Das OLG hebt das erstinstanzliche Urteil auf und gibt dem Bauherren recht. Das Gesetz behandelt die Selbstvornahme und die anderen Mängelrechte gleich (vgl. § 637 BGB). Die Fristsetzung zur Mangelbeseitigung mit Ablehnungsandrohung hat nicht dazu geführt, dass der Bauherr sein Recht verloren hat, nach Fristablauf weiterhin einen Vorschuss zu verlangen, um die Mängel selbst beseitigen zu können. Insbesondere hat der Bauherr sein ihm zustehendes Wahlrecht in Bezug auf die Ausübung der einzelnen Mängelrechte nicht etwa durch das zitierte Schreiben ausgeübt und daher auch noch nicht verbraucht.

Der Bauherr kann also weiterhin einen Vorschuss zur Durchführung der Mangelbeseitigung verlangen.

Praxishinweis

Die richtige Entscheidung des OLG Naumburg verdeutlicht anschaulich die einem Bauherren im Einzelnen zustehenden Mängelrechte und deren Voraussetzungen im Falle des Abschlusses eines sogenannten BGB-Vertrages. Grundsätzlich hat ein Bauherr bzw. der Besteller einer Werkleistung zunächst einen Nacherfüllungsanspruch, d. h. er kann von dem Unternehmen die Nachbesserung und damit die Herstellung des mangelfreien Werkes verlangen.

Im Stadium nach der Abnahme hat der Bauherr ferner die Möglichkeit, dem Unternehmer eine angemessene Frist zur Nacherfüllung zu setzen. Im Falle des fruchtlosen Fristablaufes stehen ihm sodann weitere Rechte, wie u. a. die Selbstvornahme, die Beauftragung eines Ersatzunternehmens bzw. die Geltendmachung eines Vorschusses für die Mangelbeseitigung zu.
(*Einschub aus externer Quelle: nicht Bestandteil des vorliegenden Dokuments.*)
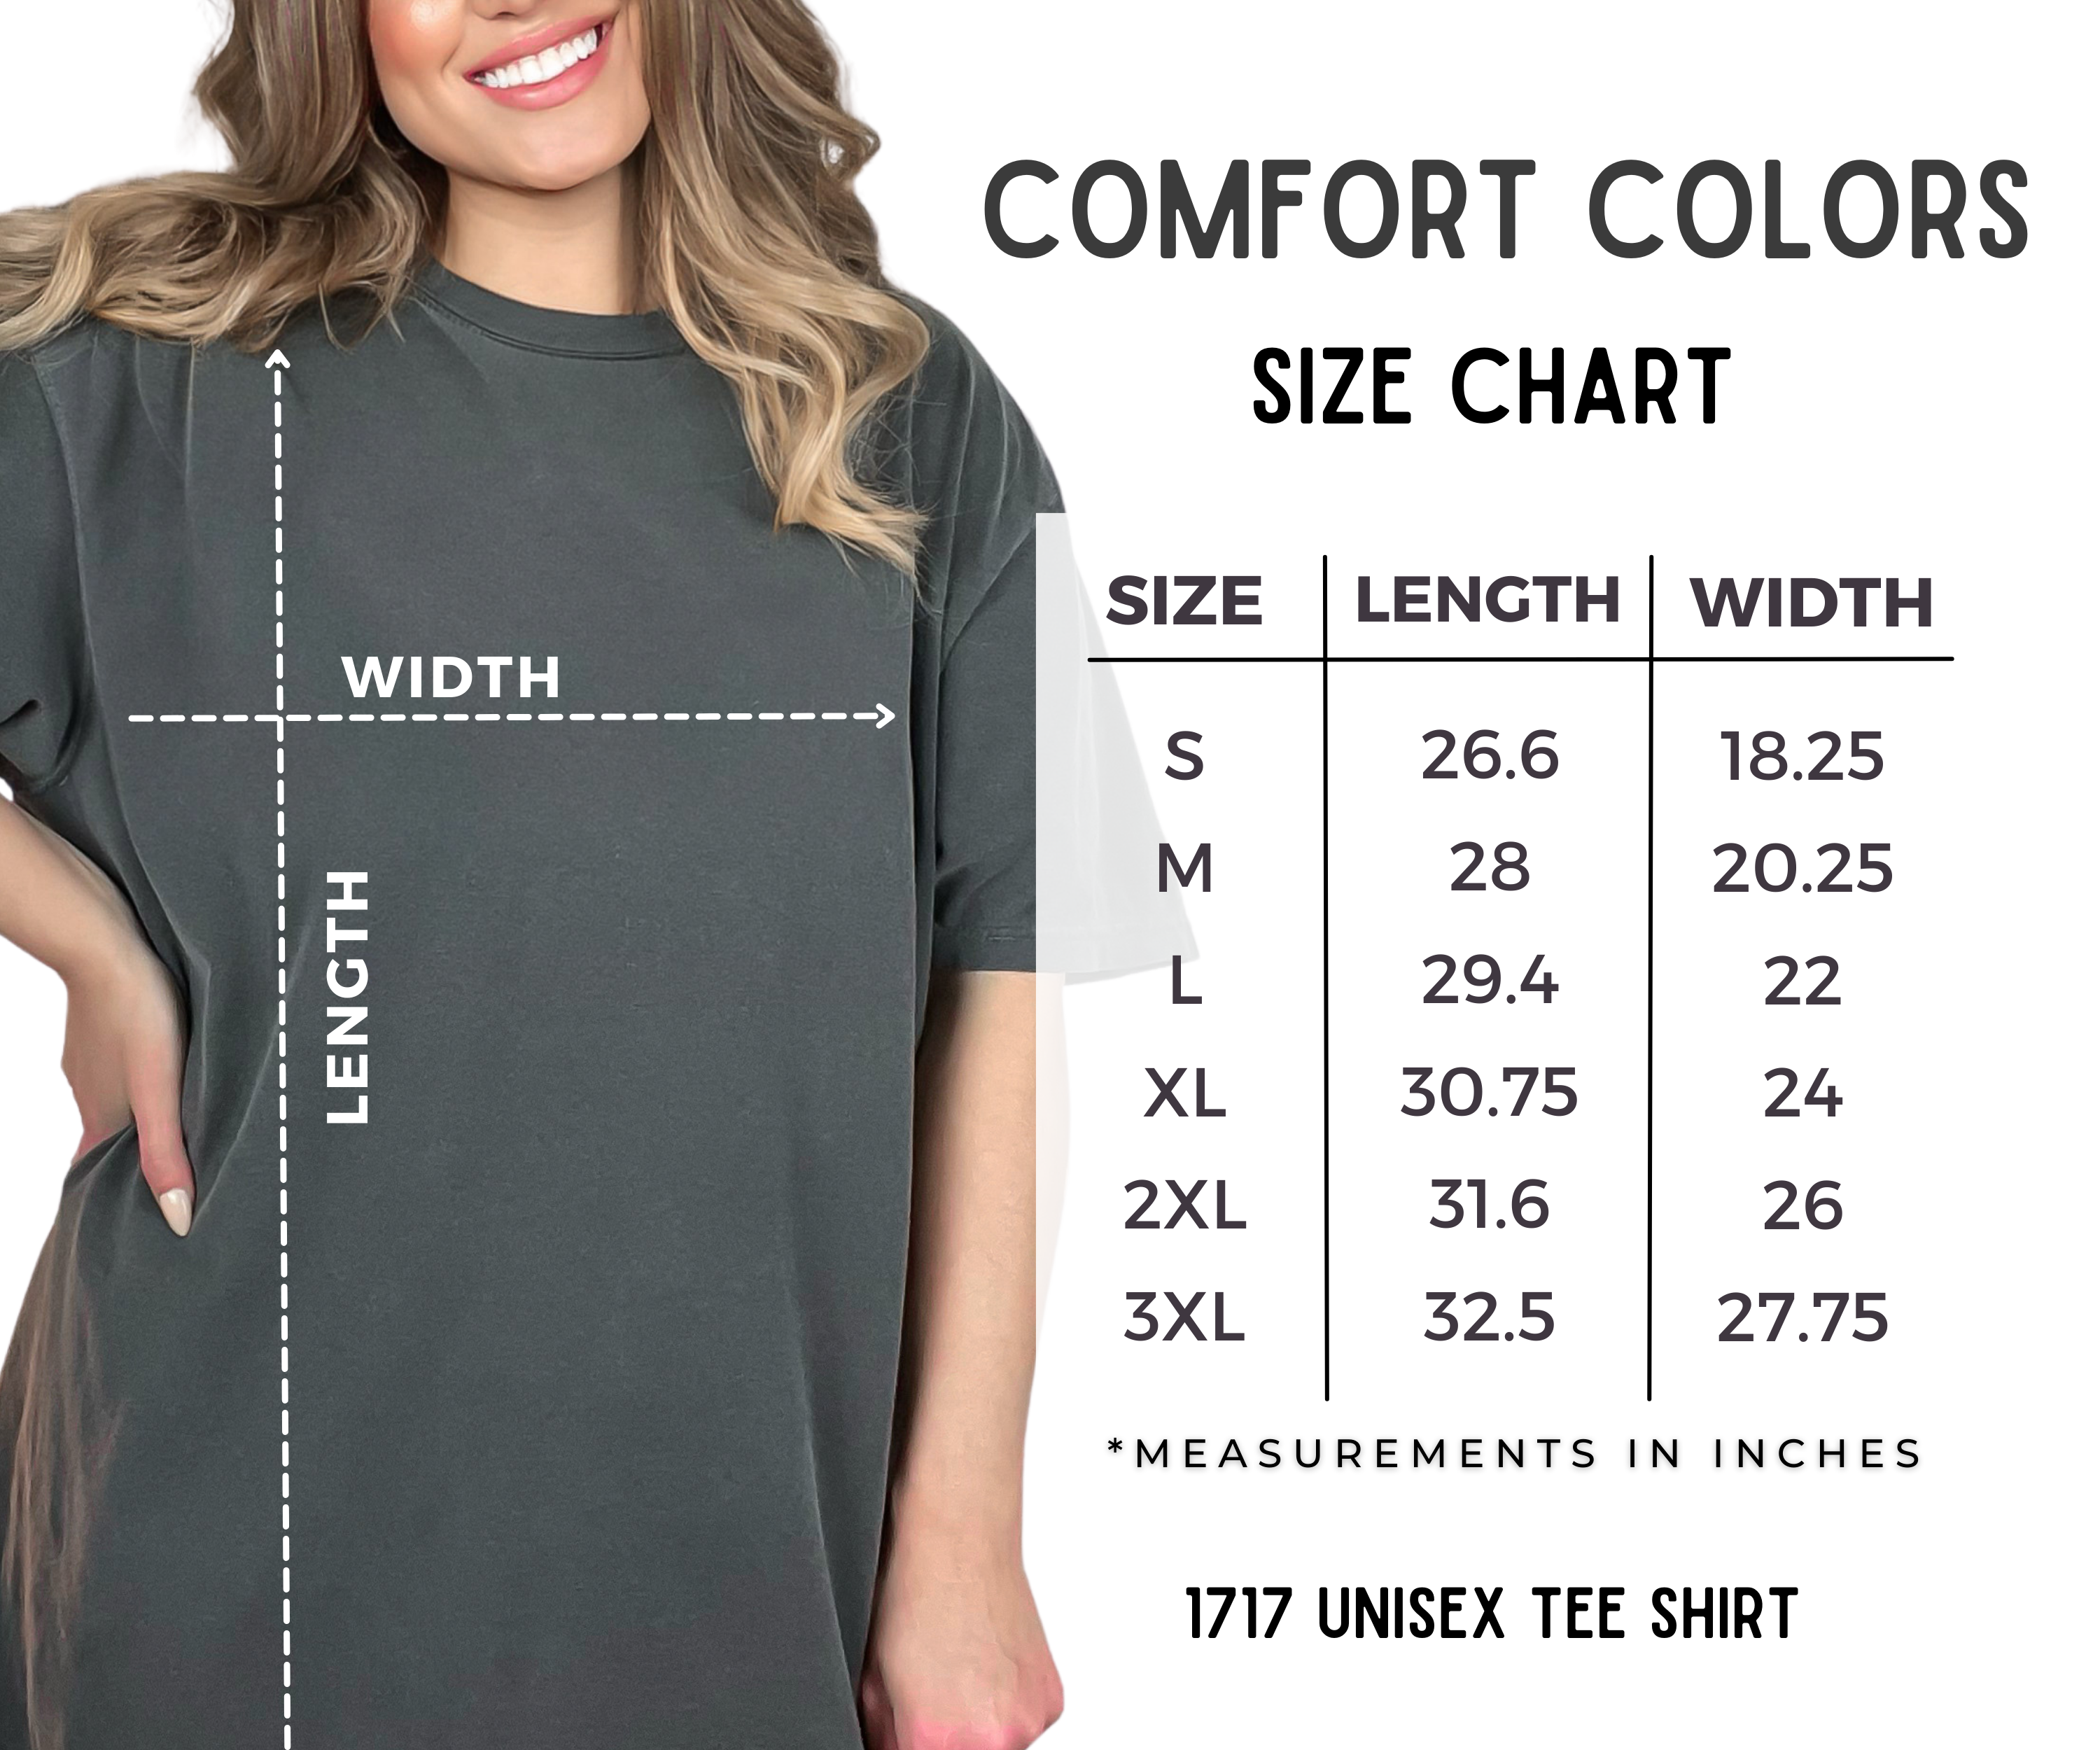 Favorite Daughter Funny Mom T-Shirt - Comfort Colors Shirt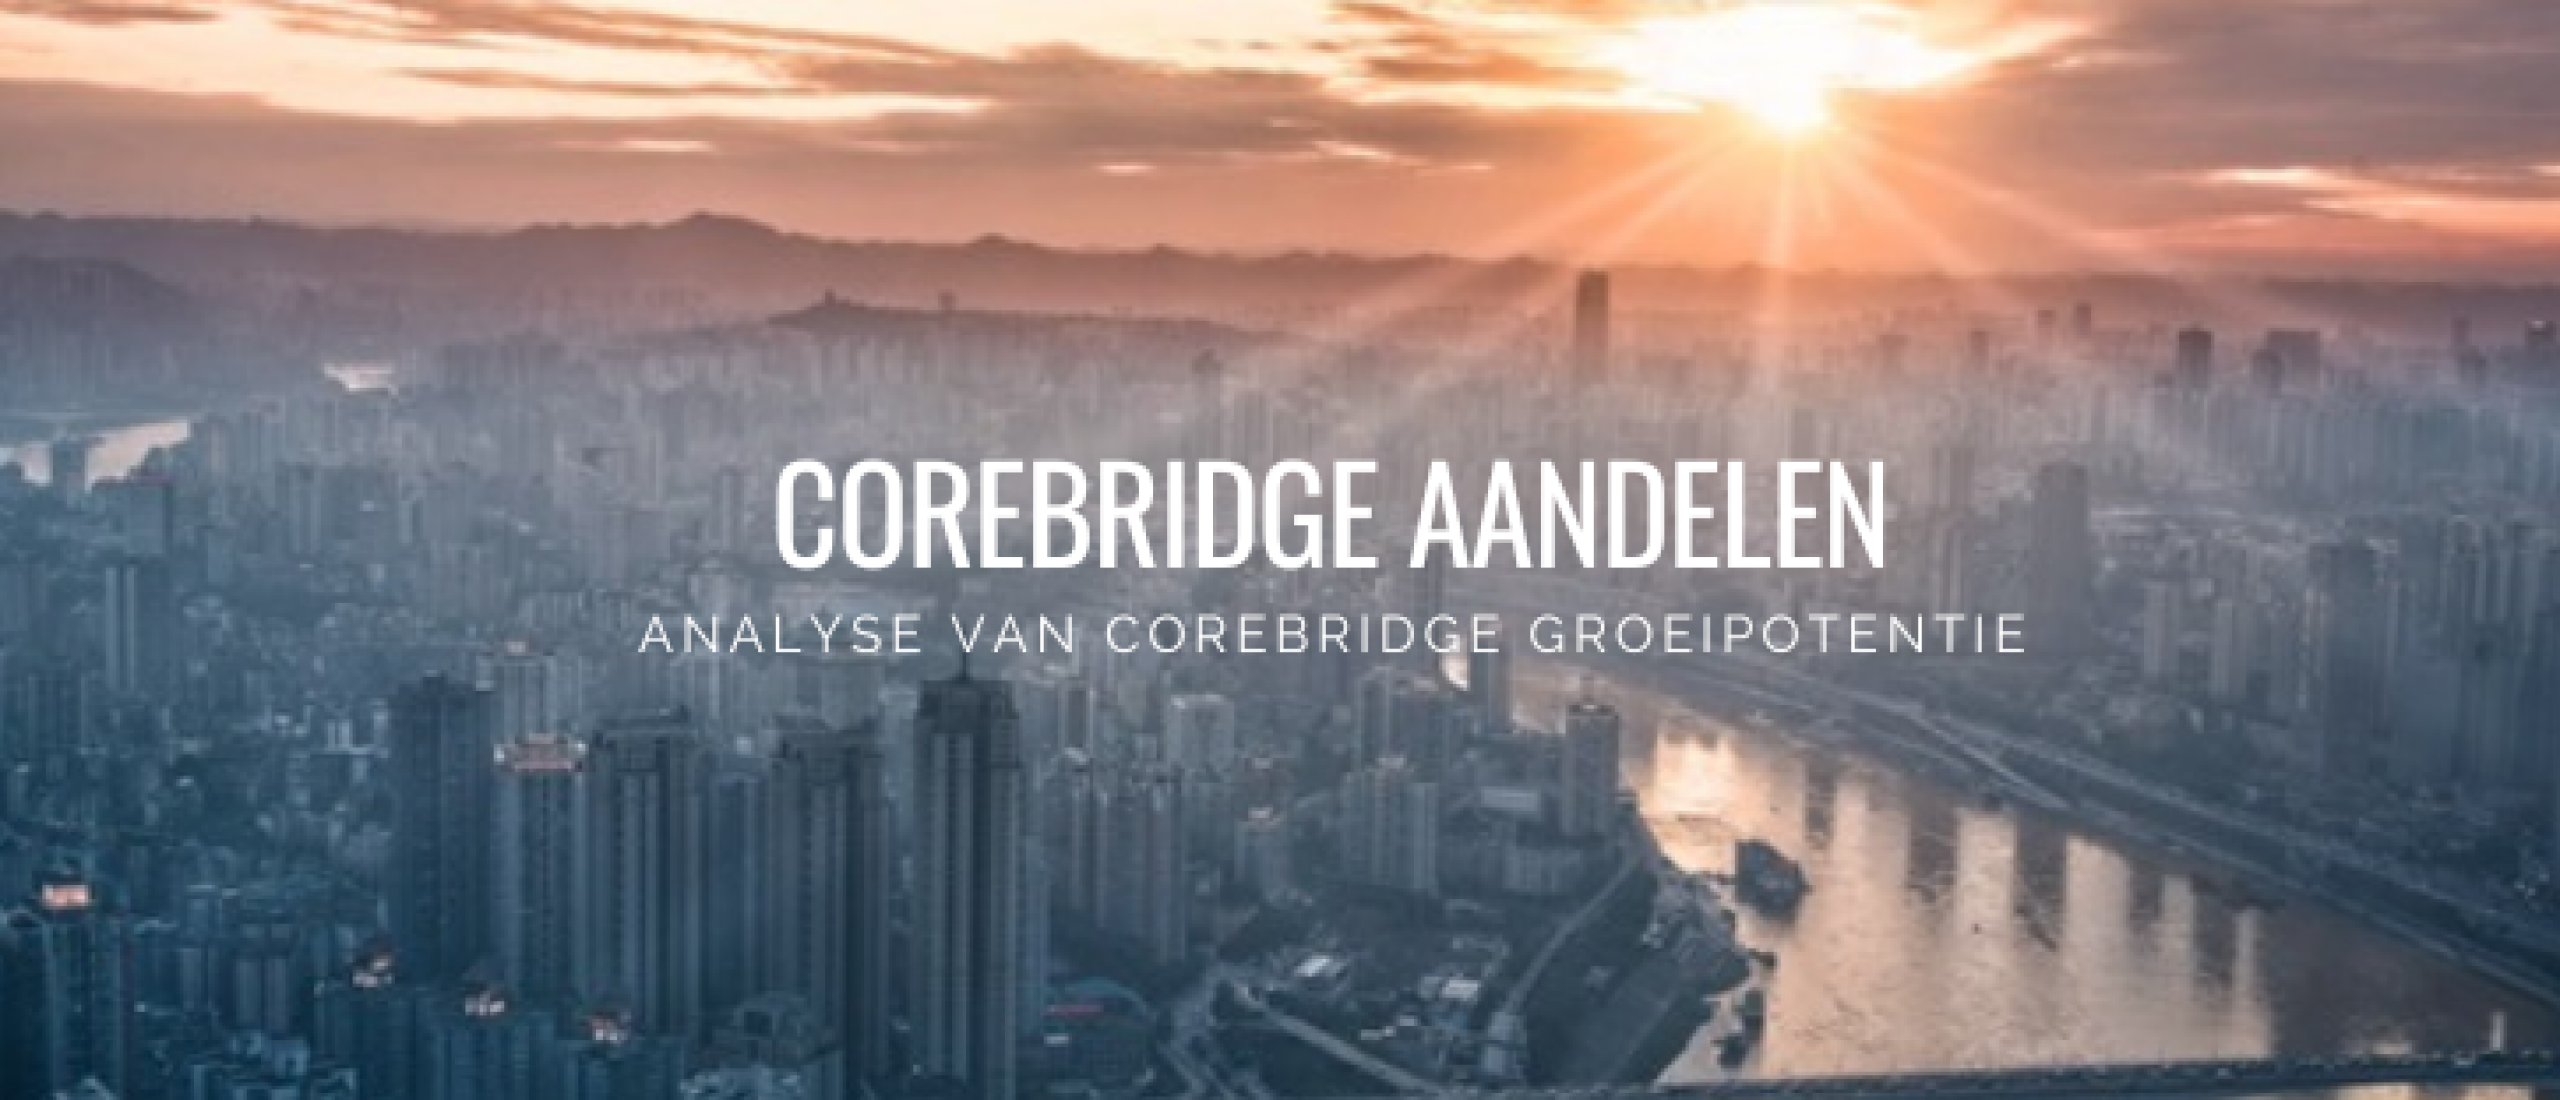 Corebridge Aandelen kopen? +5,7% Dividend en Groei | Happy Investors

Für letztere Rechte ist es aber unbedingt erforderlich, die besagte – angemessene – Frist zu setzen und deren ergebnislosen Ablauf abzuwarten. Allerdings darf der Bauherr auch noch nach Fristablauf weiterhin die Nacherfüllung, d. h. also die Mangelbeseitigung durch den Auftragnehmer verlangen. Er ist nicht gezwungen, sein Recht auf Selbstvornahme oder Beauftragung eines Ersatzunternehmens auszuüben. Der Fristablauf hat letztlich lediglich zur Folge, dass der Auftragnehmer nicht mehr verlangen kann, dass ihm die Beseitigung des Mangels gestattet wird.

Bis zum Ablauf der Frist allerdings hat der Auftragnehmer sogar das Recht, Mängel selbst zu beseitigen. Eine Mangelbeseitigung durch den Bauherren vor Ablauf der gesetzten Frist würde dazu führen, dass die hierfür entstehenden Kosten nicht von dem Auftragnehmer ersetzt werden müssten.

Wichtig für Bauherren ist noch zu wissen, dass vor Erklärung der Abnahme bei einem BGB-Vertrag nur in Ausnahmefällen die Mangelbeseitigung von bereits erkannten Mängeln gefordert werden kann. Dies ist bei einem sogenannten VOB/B-Vertrag anders. Die VOB/B sieht in § 4 Nr. 3 ausdrücklich vor, dass ein Besteller bereits vor Abnahme das Recht hat, die Mangelbeseitigung vom Auftragnehmer zu fordern.